(Data extract Opens)

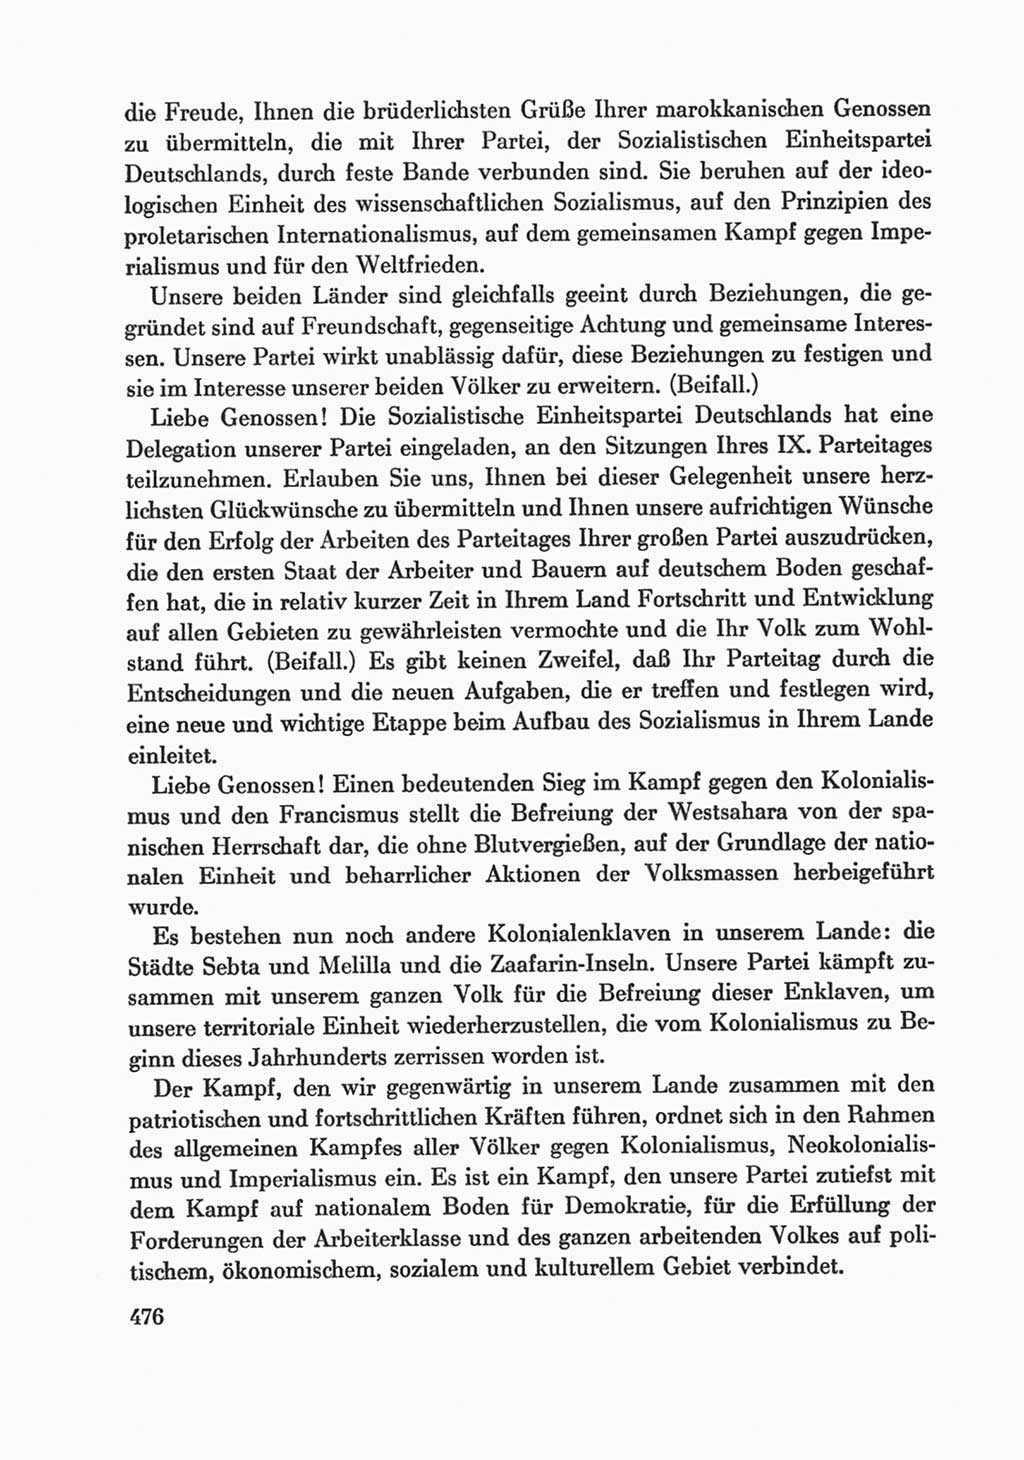 Protokoll der Verhandlungen des Ⅸ. Parteitages der Sozialistischen Einheitspartei Deutschlands (SED) [Deutsche Demokratische Republik (DDR)] 1976, Band 1, Seite 476 (Prot. Verh. Ⅸ. PT SED DDR 1976, Bd. 1, S. 476)
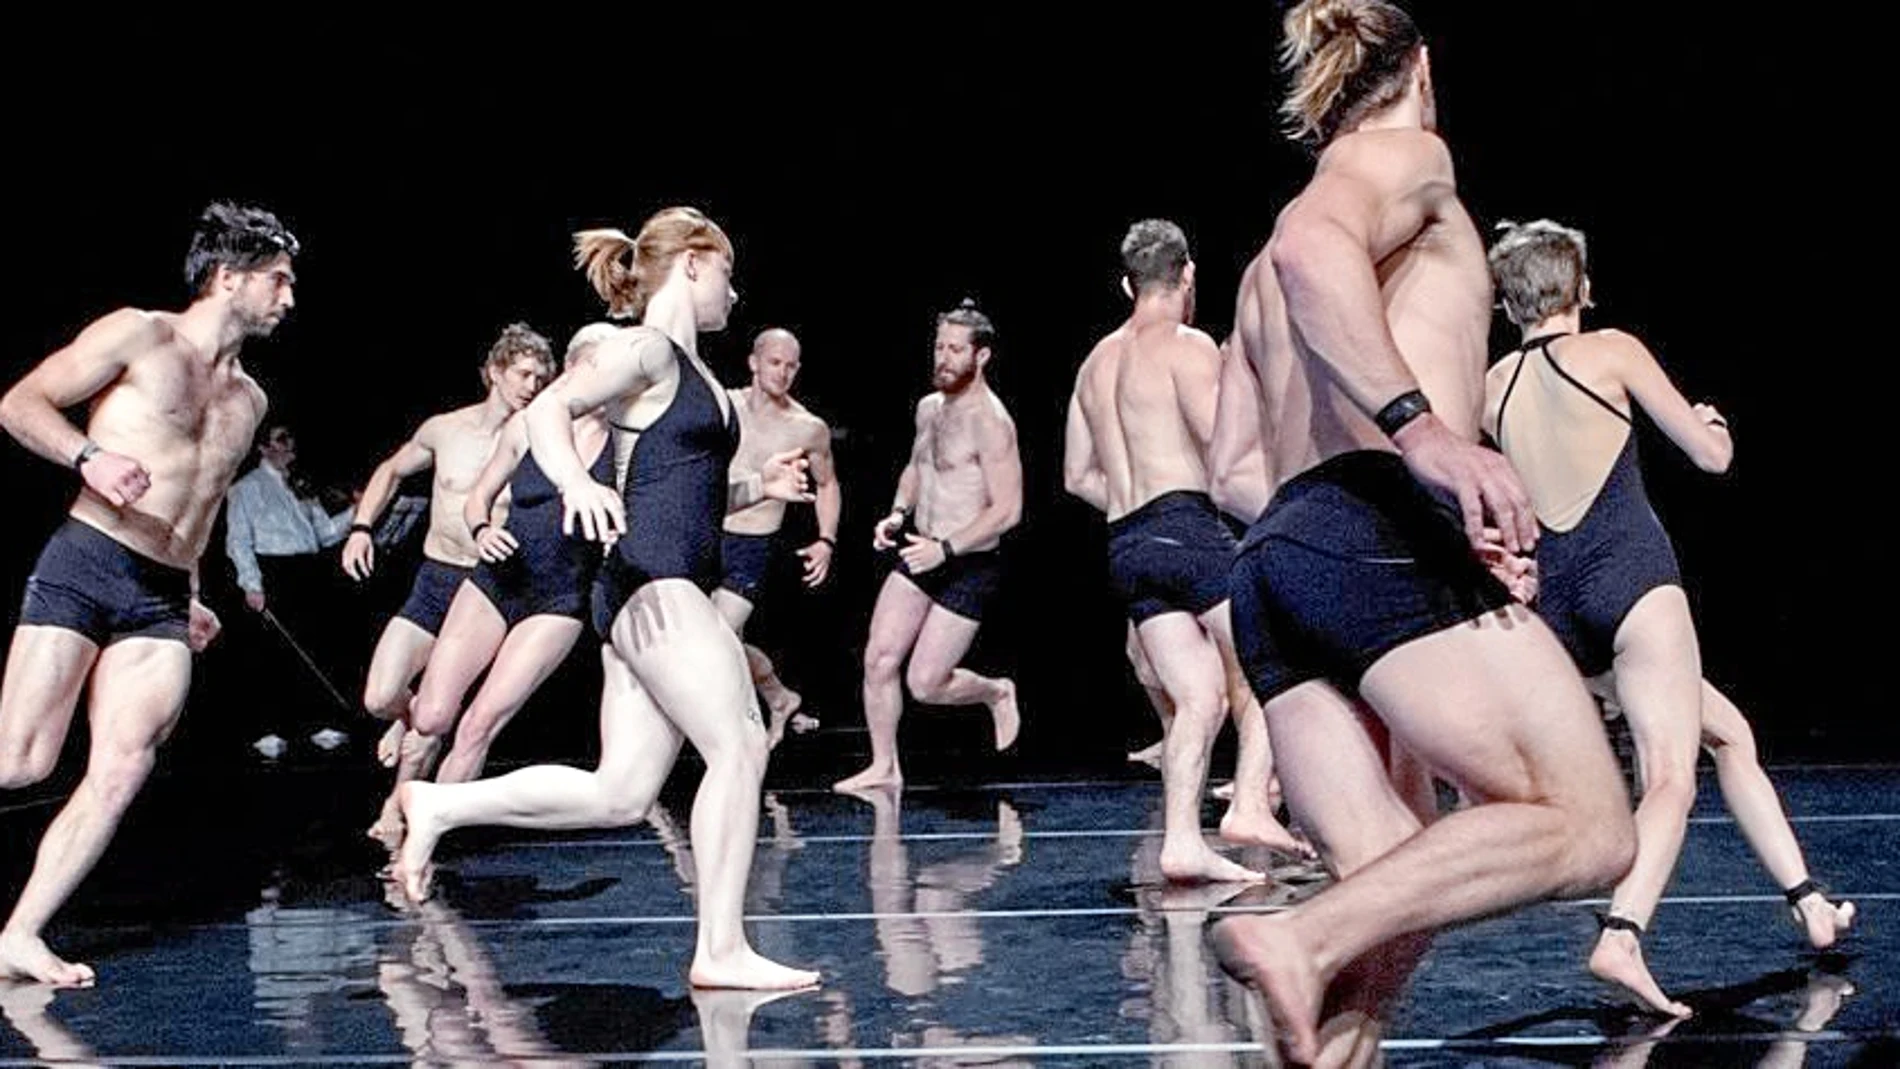 «Opus» mezcla circo, danza y la música en directo de Shostakóvich
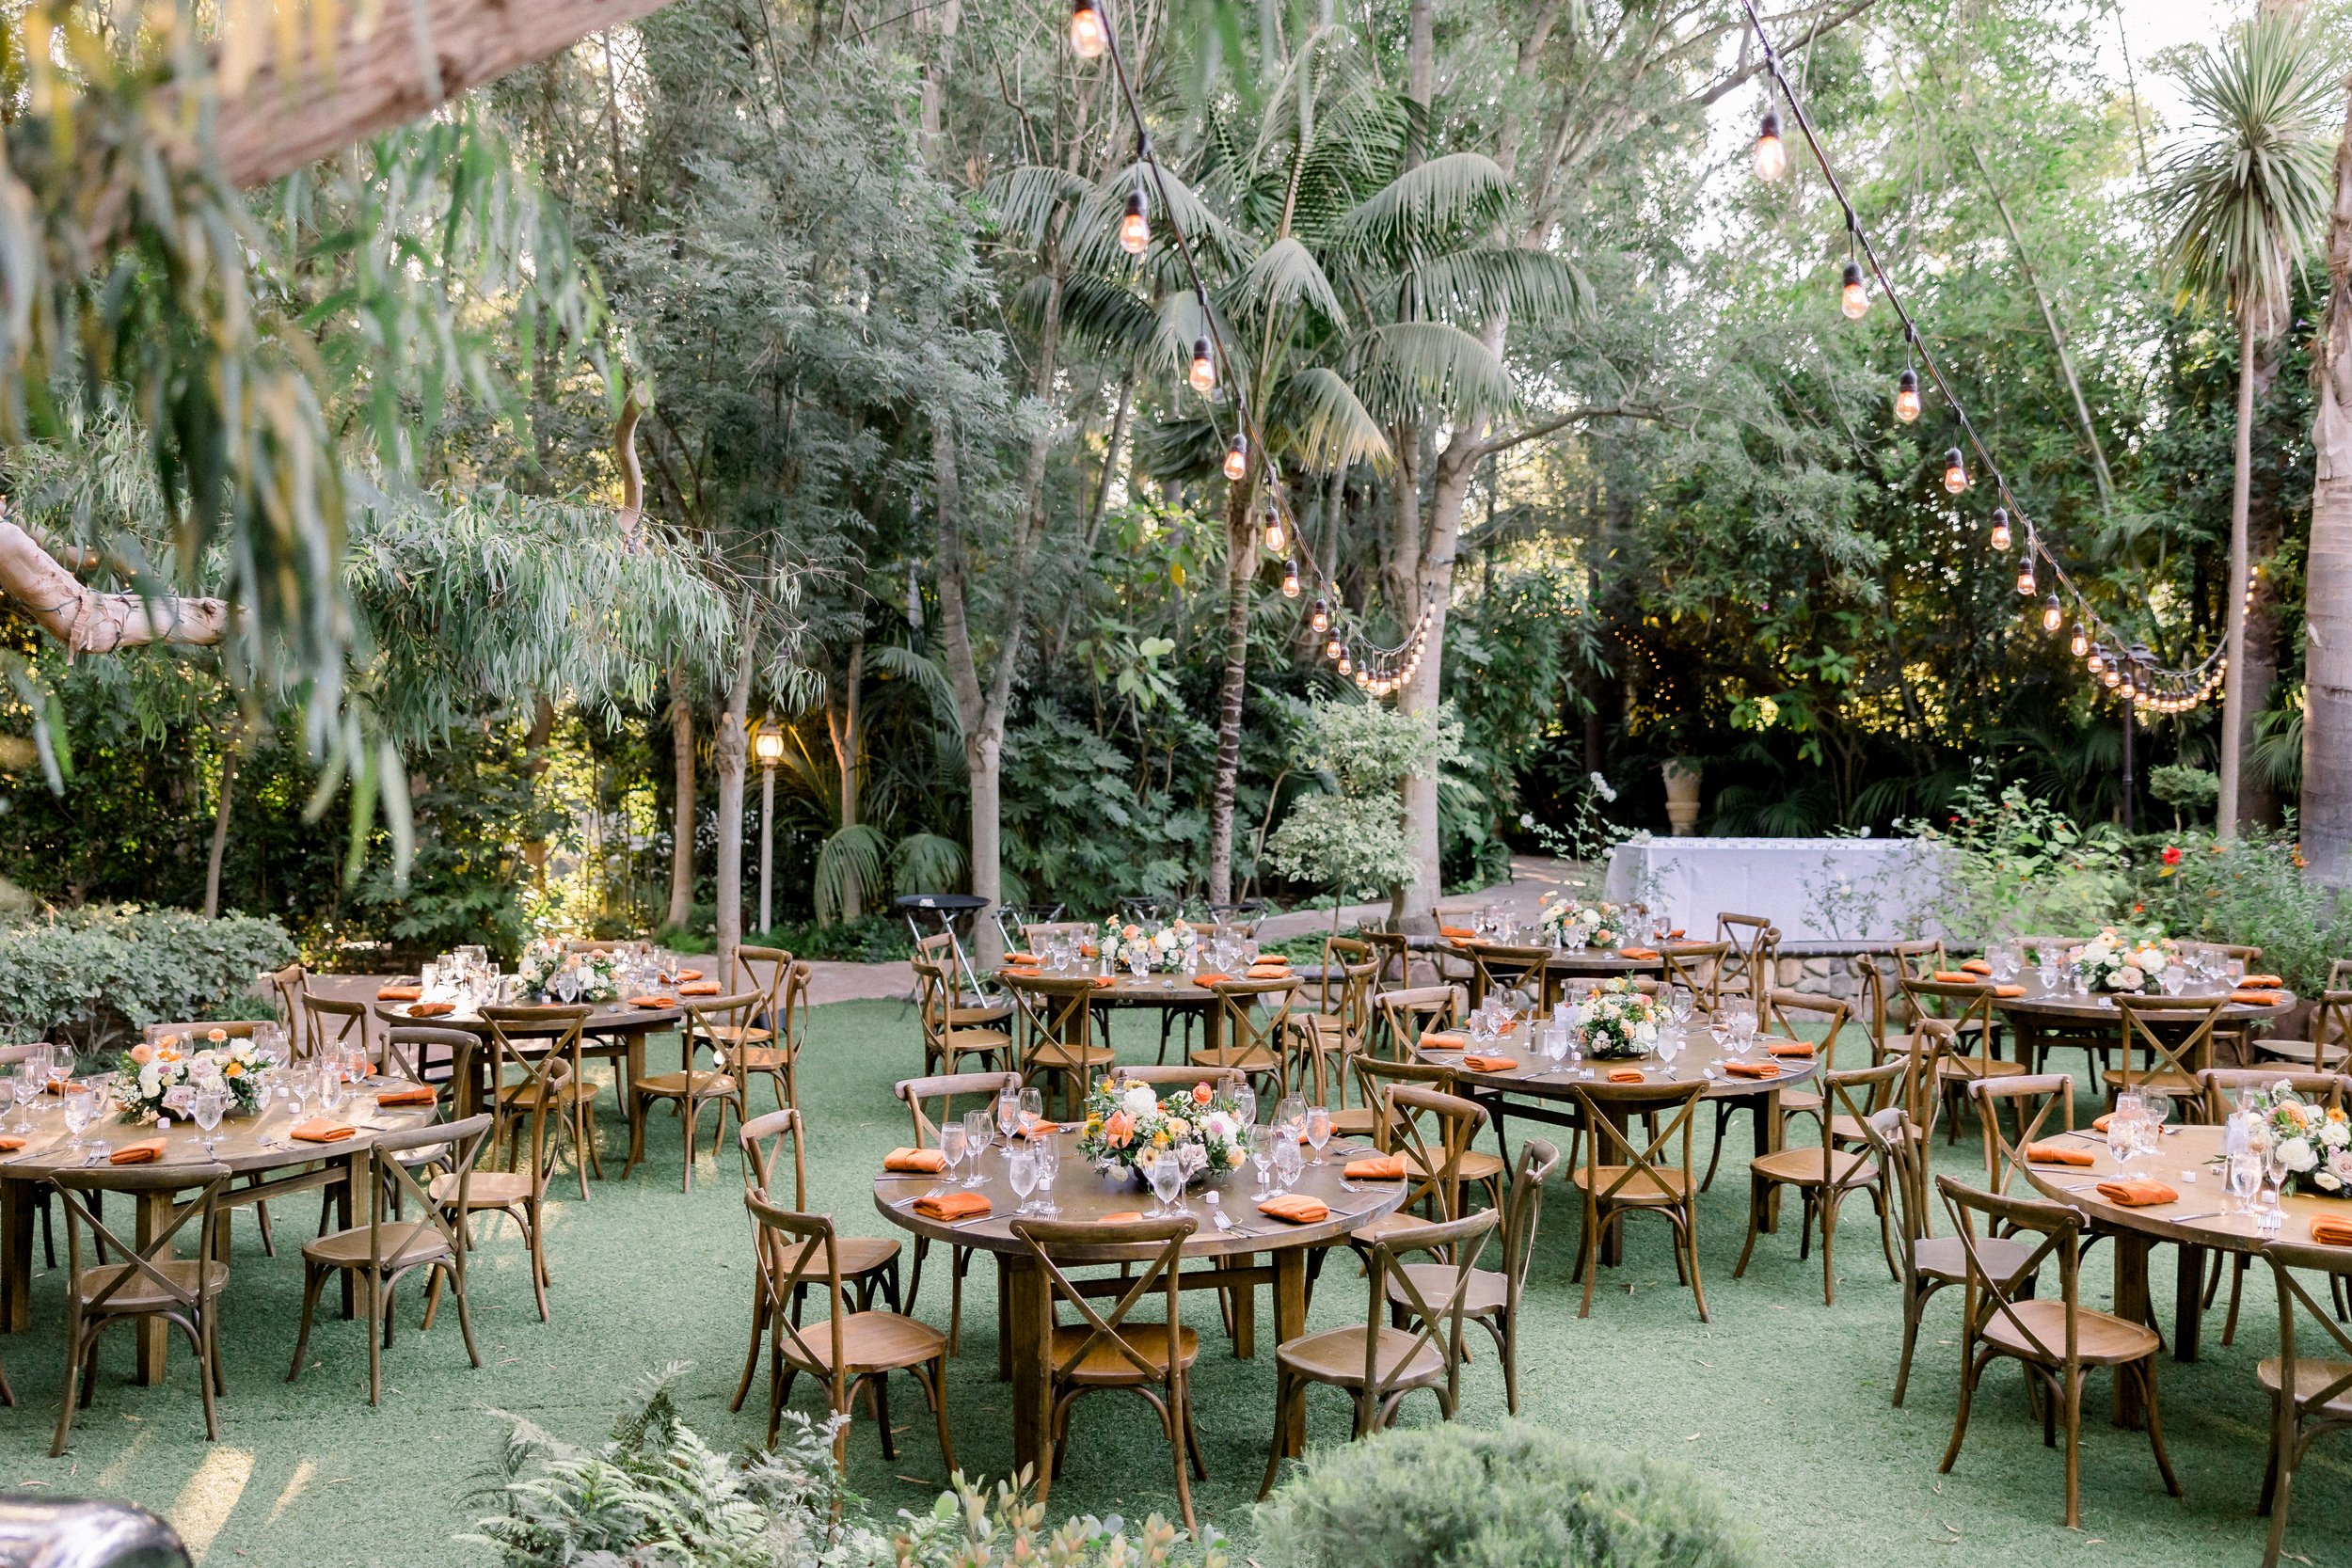 LA couple plans wedding at simi valley venue, hartley botanica

(Data extract Closes)

◆ Task ◆
The lines from the one containing "directo de Shostakóvich" through the last line above are to be repeated exactly, and only those. Any pictures must be left out.

◆ Written answer ◆
 «Opus» mezcla circo, danza y la música en directo de Shostakóvich
 LA couple plans wedding at simi valley venue, hartley botanica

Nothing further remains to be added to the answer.